§ Instructions for the task: Transcribe the listing verbatim. Do not carry over any pictures.

Dataset section Block Start

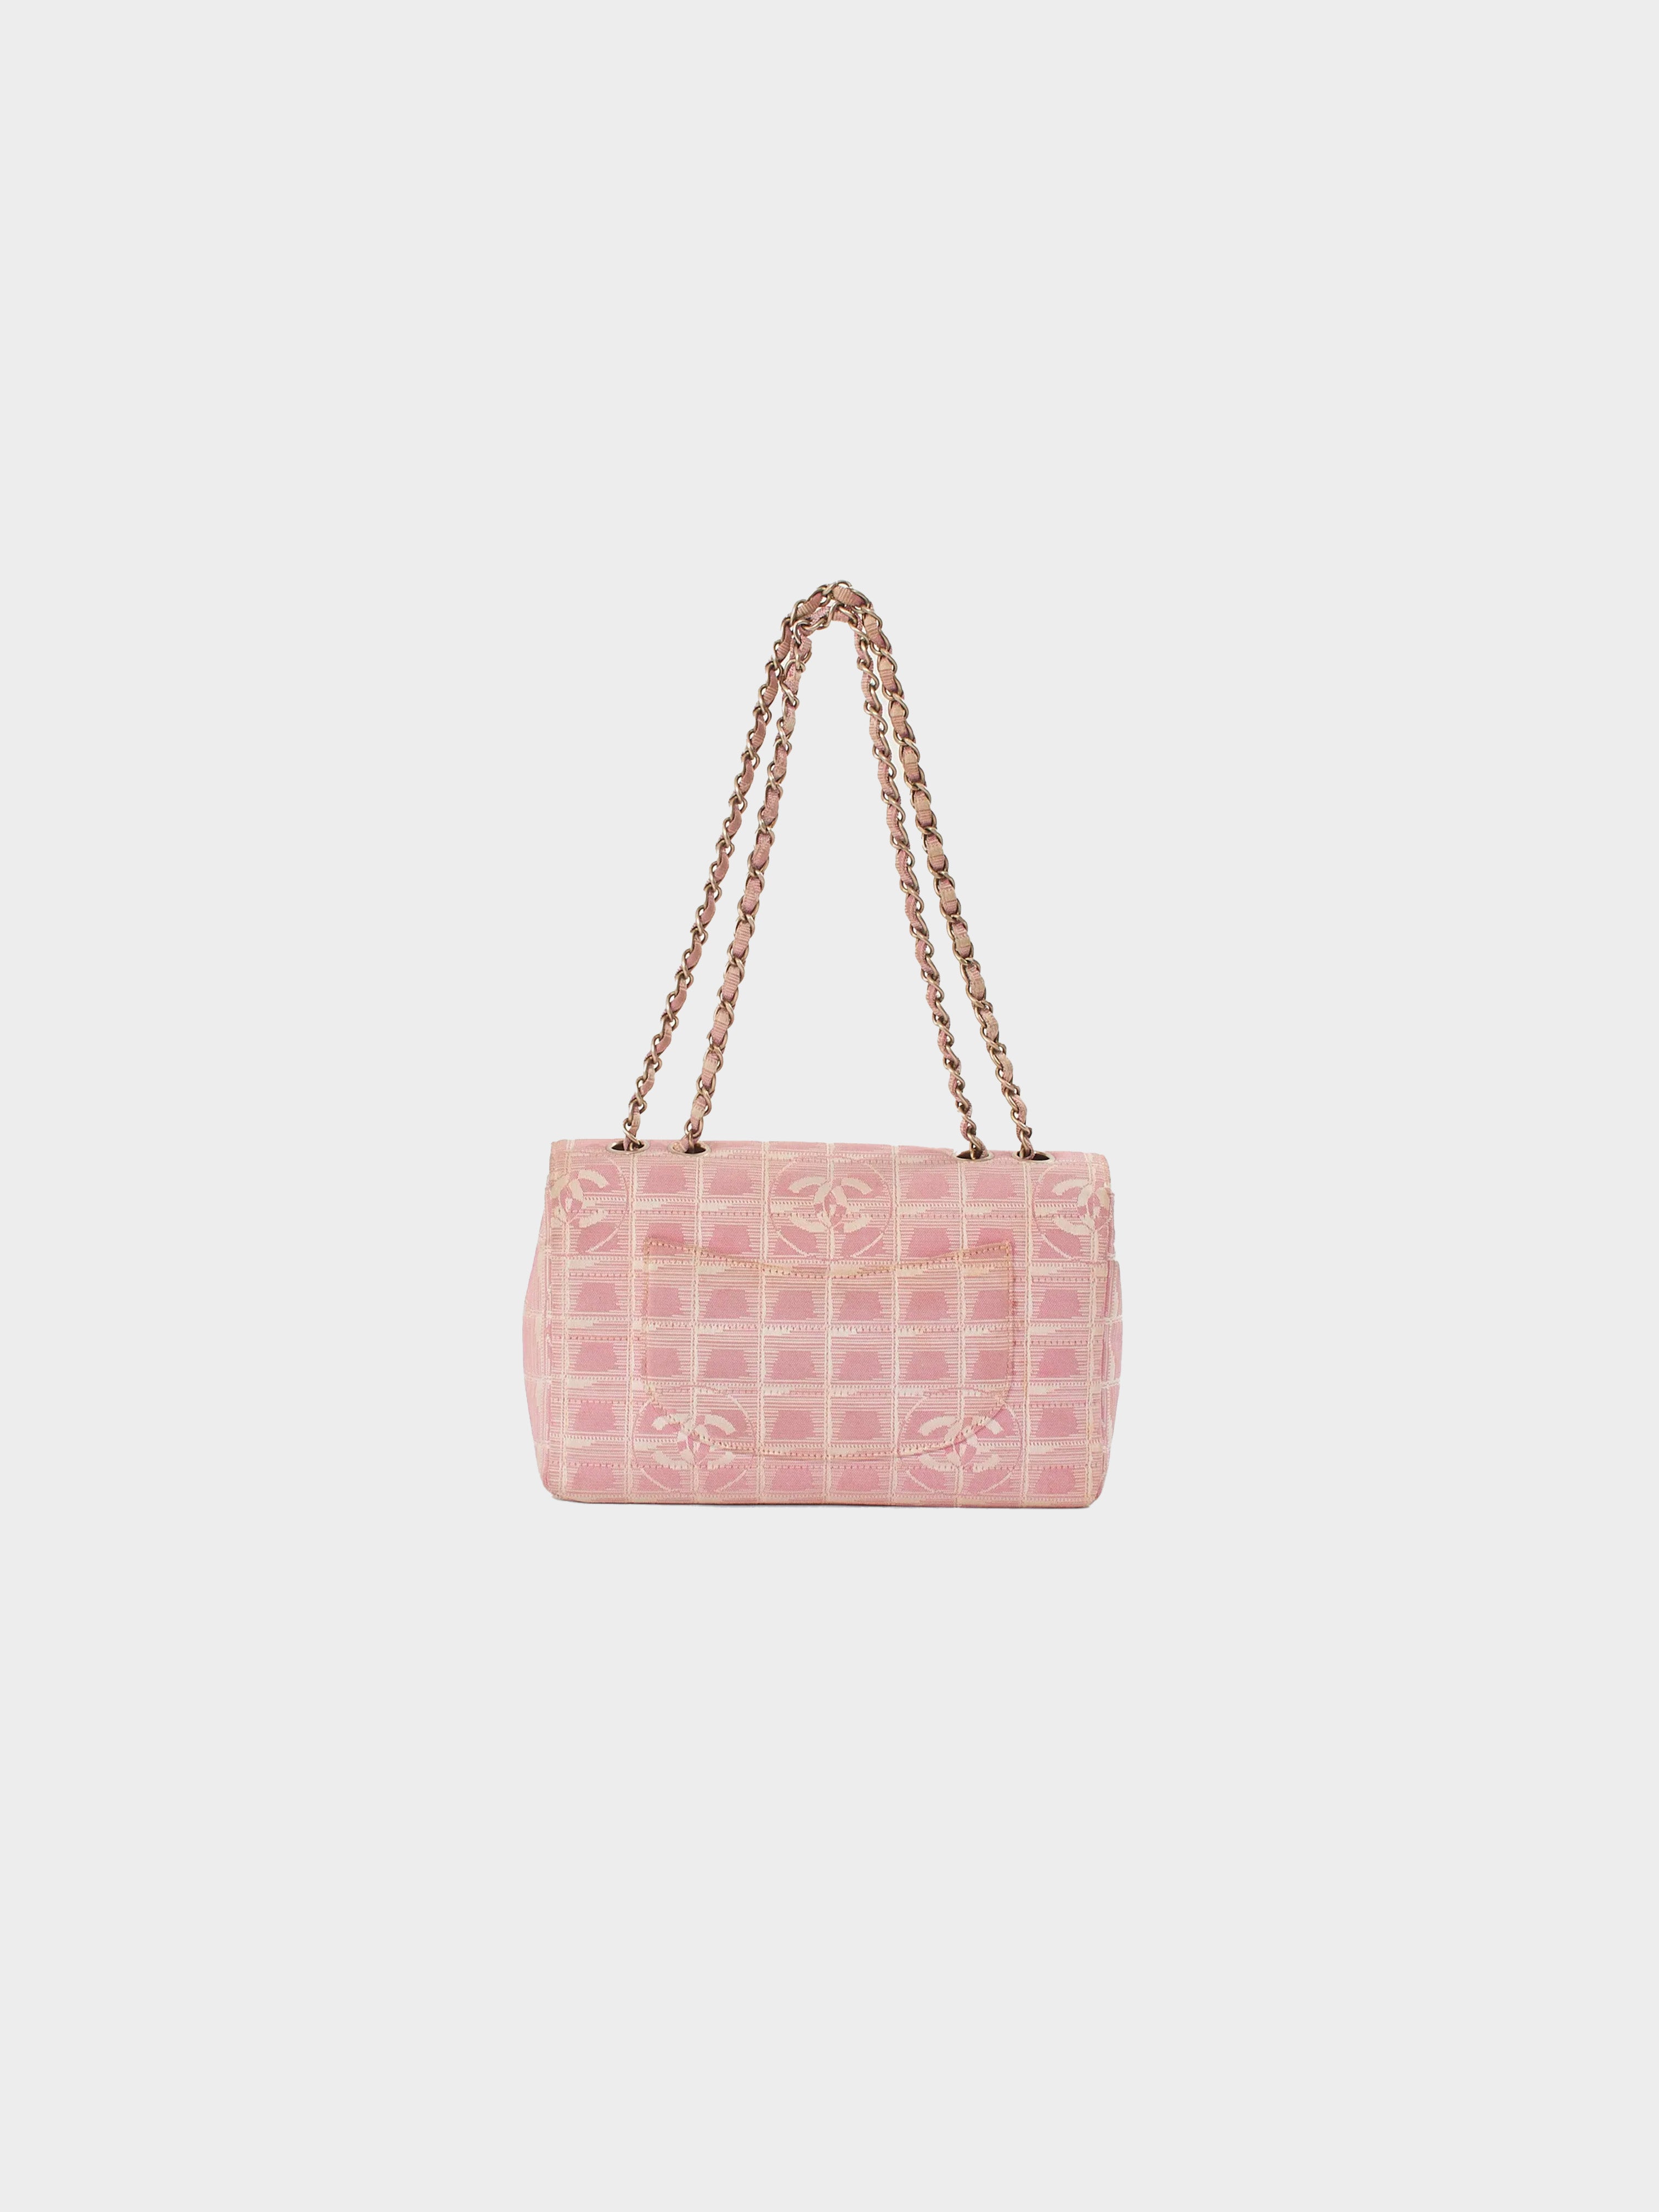 Chanel 2001 Travel Linge Pink Flap Bag
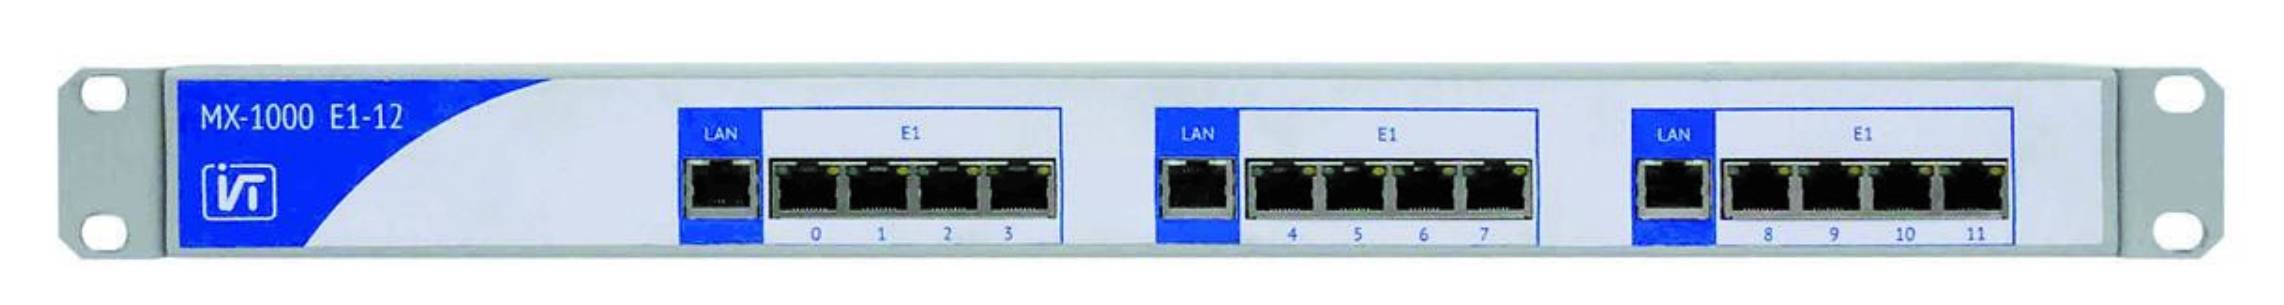 Шлюз цифровых интерфейсов MX-1000-Е1-4 (4 интерфейса E1), MX-1000-Е1-8 (8 интерфейсов E1), MX-1000-Е1-12 (12 интерфейсов E1)
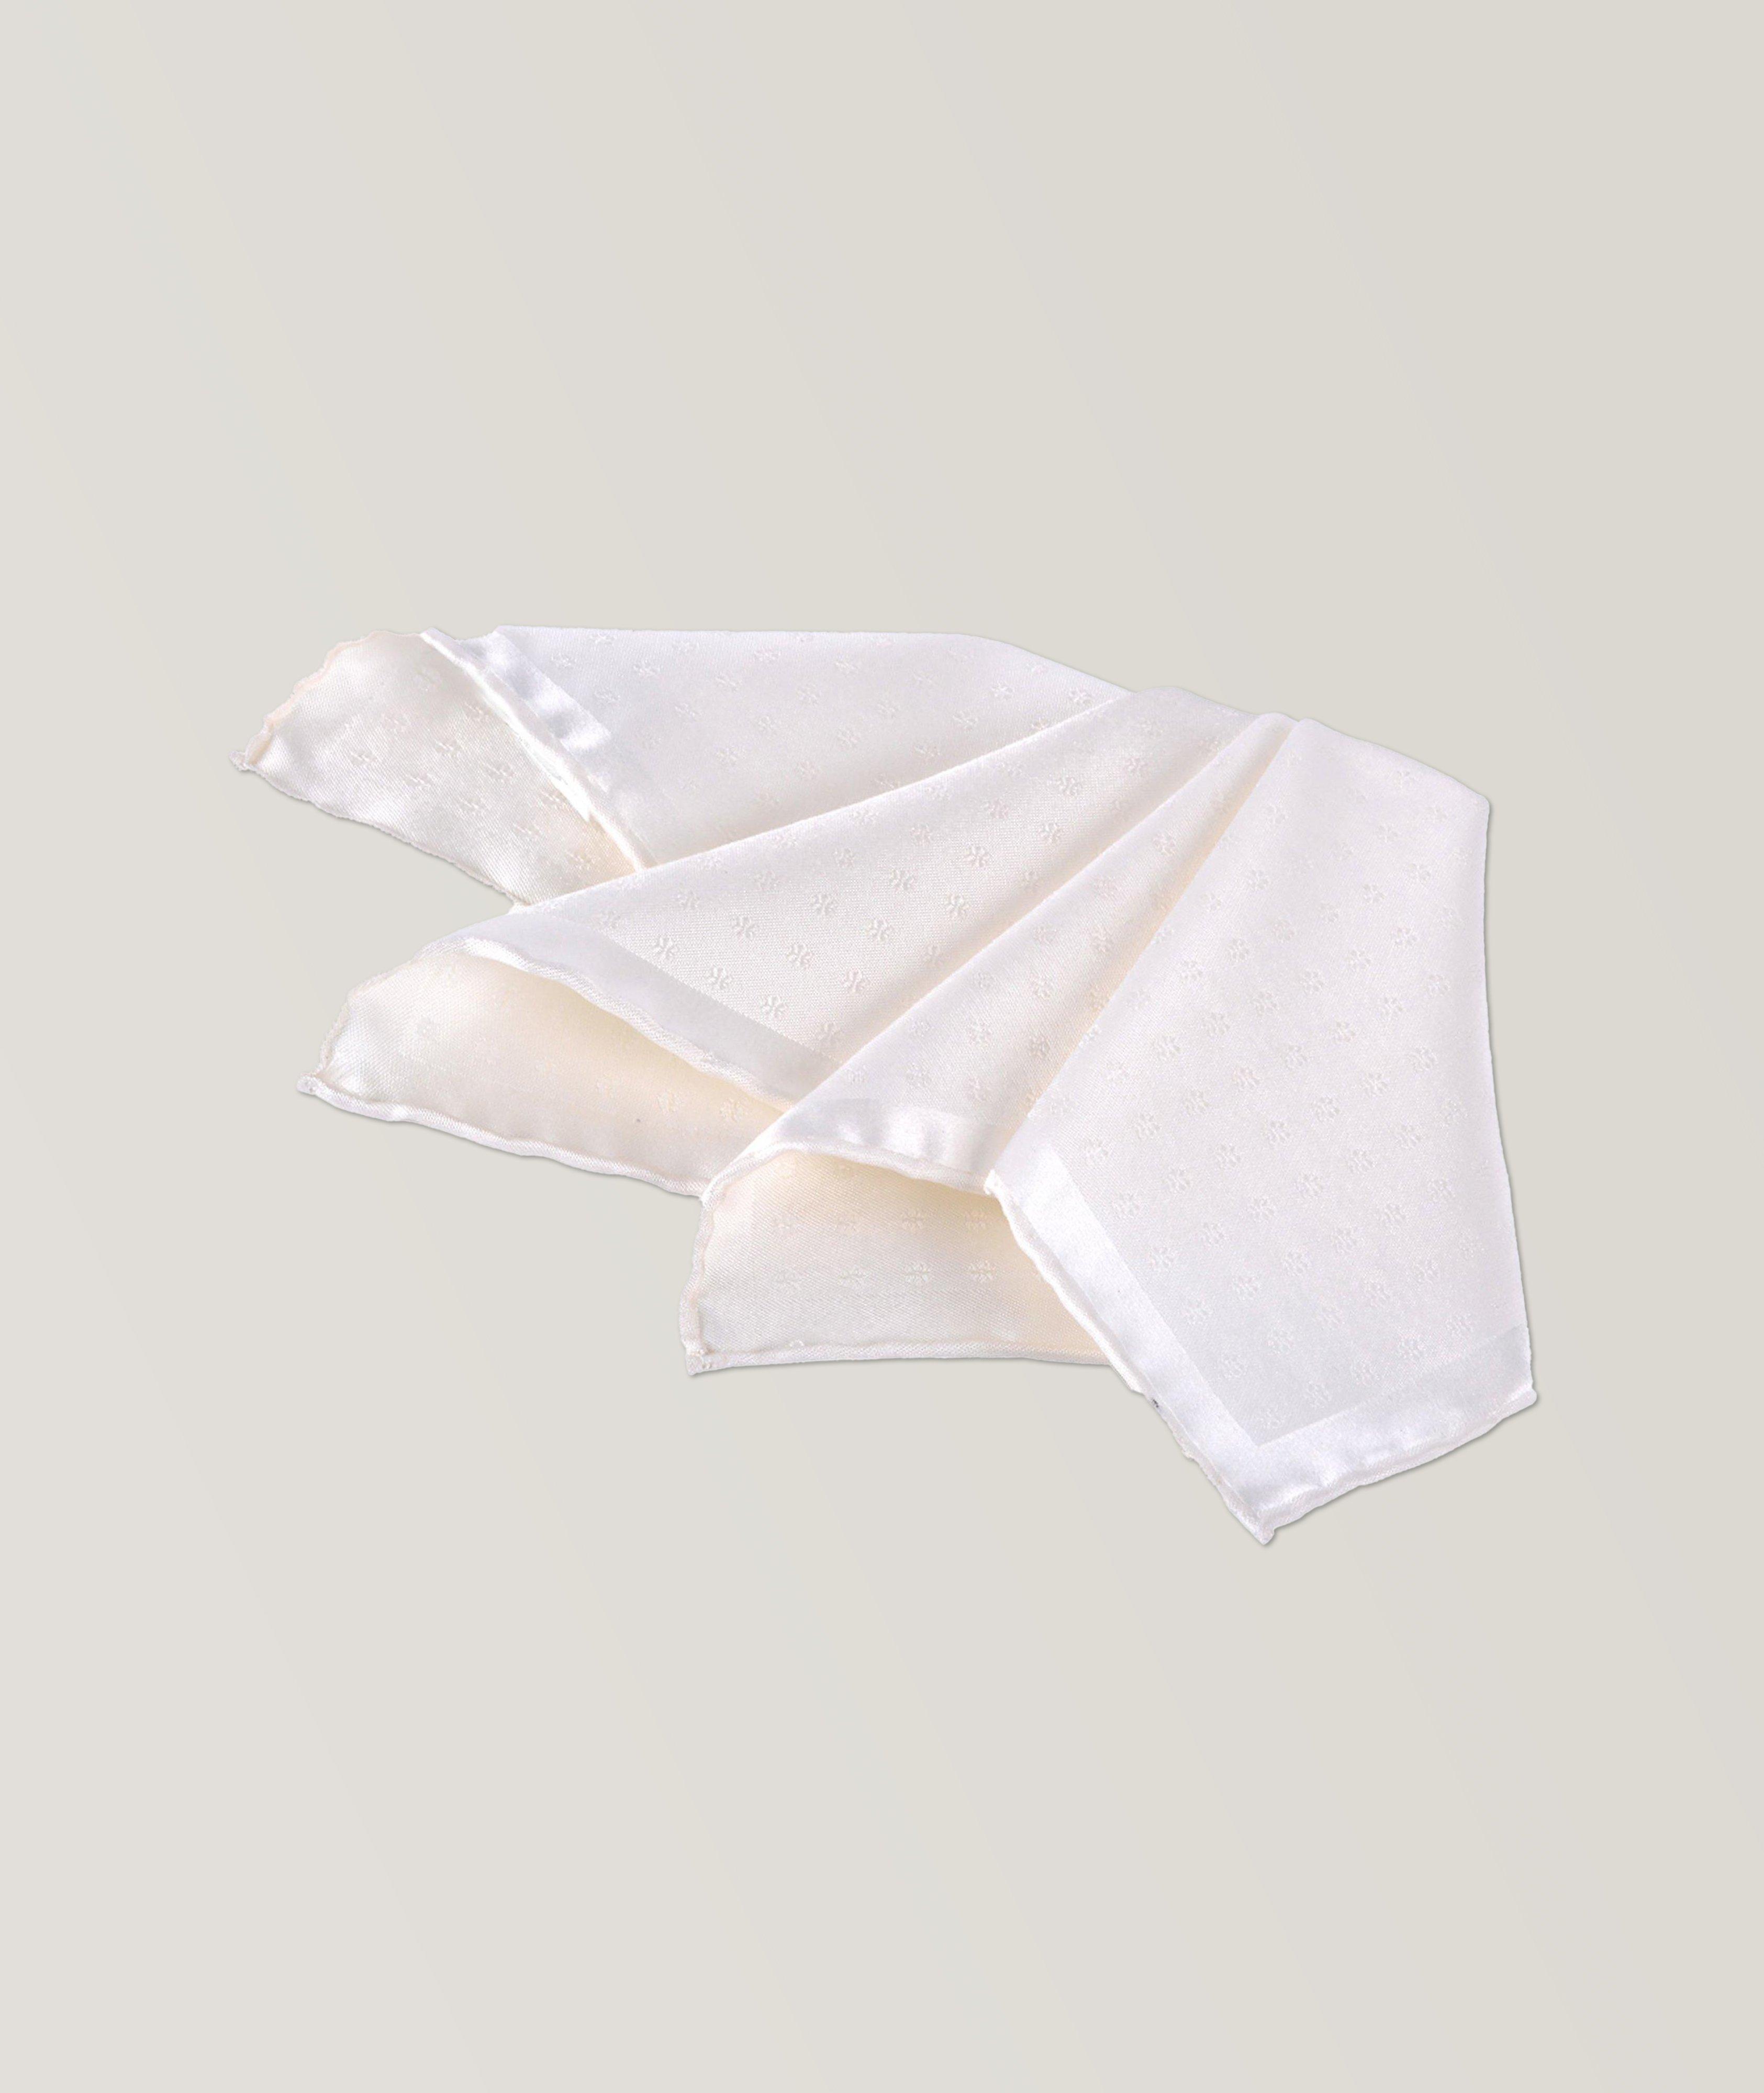 Tonal Micro Neat Silk Jacquard Handkerchief image 0

Dataset section Block End

§ Problem solution:
 Chanel 2001 Travel Linge Pink Flap Bag
 Шлюз цифровых интерфейсов MX-1000-Е1-4 (4 интерфейса E1), MX-1000-Е1-8 (8 интерфейсов E1), MX-1000-Е1-12 (12 интерфейсов E1)
 Tonal Micro Neat Silk Jacquard Handkerchief image 0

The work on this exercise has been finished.